Journal of the Korean Physical Society

, Volume 65, Issue 12, pp 2117–2125 | Cite as

An experimental study of the scatter correction by using a beam-stop-array algorithm with digital breast tomosynthesis

  • Ye-seul Kim
  • Hye-Suk Park
  • Hee-Joung KimEmail author
  • Young-Wook Choi
  • Jae-Gu Choi


Digital breast tomosynthesis (DBT) is a technique that was developed to overcome the limitations of conventional digital mammography by reconstructing slices through the breast from projections acquired at different angles. In developing and optimizing DBT, The x-ray scatter reduction technique remains a significant challenge due to projection geometry and radiation dose limitations. The most common approach to scatter reduction is a beam-stop-array (BSA) algorithm; however, this method raises concerns regarding the additional exposure involved in acquiring the scatter distribution.

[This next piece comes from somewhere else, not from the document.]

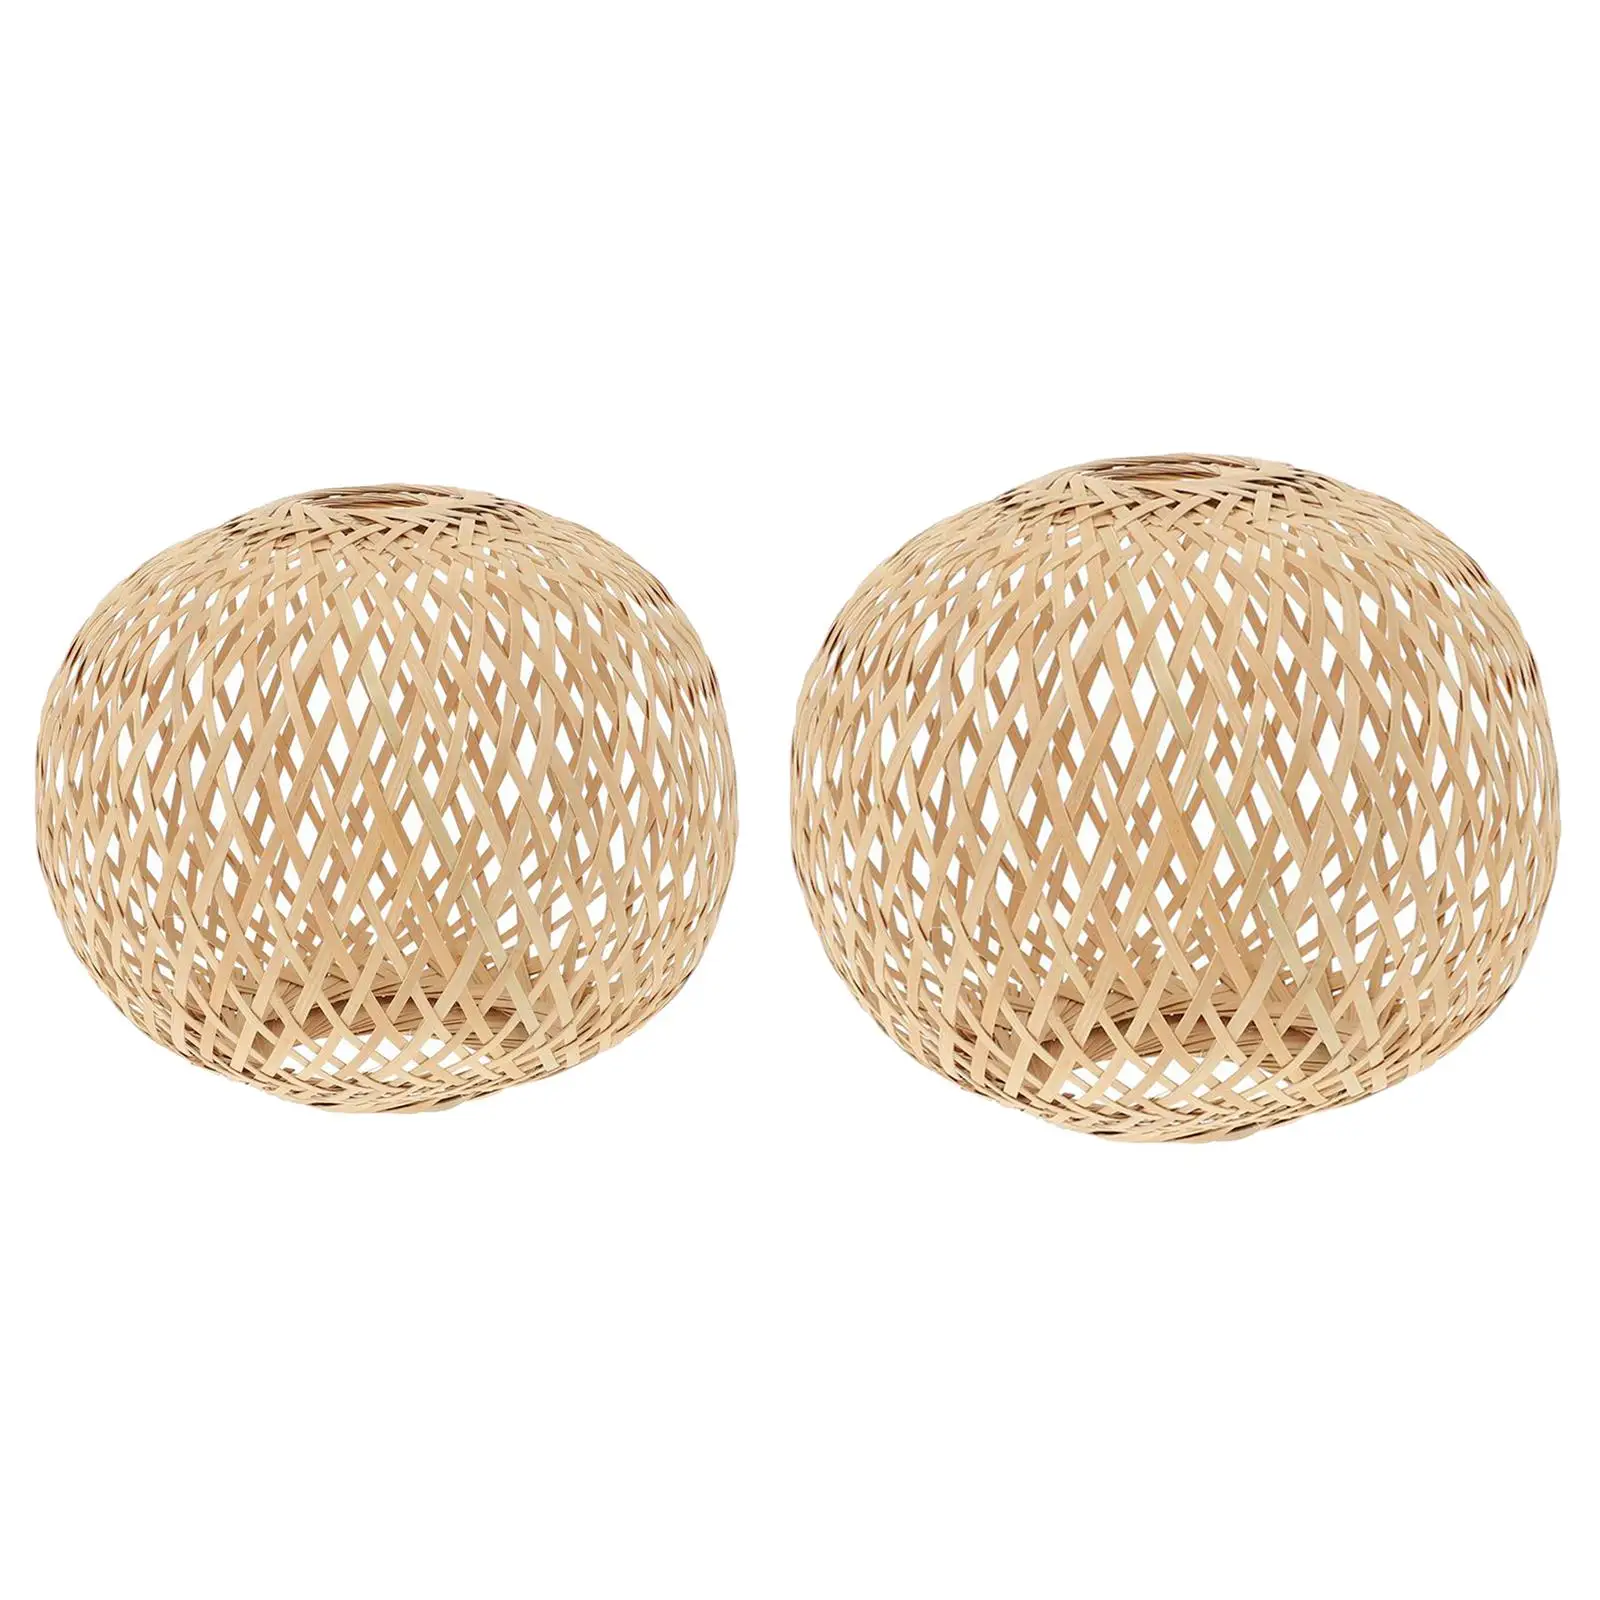 Bamboo Woven Lampshade Pendant Light Shade Handwoven Hanging Light Fixture Chandelier Cover for Living Room Kitchen Island Cafe

The compressed breast is roughly symmetric, and the scatter profiles from projections acquired at axially opposite angles are similar to mirror images. The purpose of this study was to apply the BSA algorithm with only two scans with a beam stop array, which estimates the scatter distribution with minimum additional exposure. The results of the scatter correction with angular interpolation were comparable to those of the scatter correction with all scatter distributions at each angle. The exposure increase was less than 13%. This study demonstrated the influence of the scatter correction obtained by using the BSA algorithm with minimum exposure, which indicates its potential for practical applications.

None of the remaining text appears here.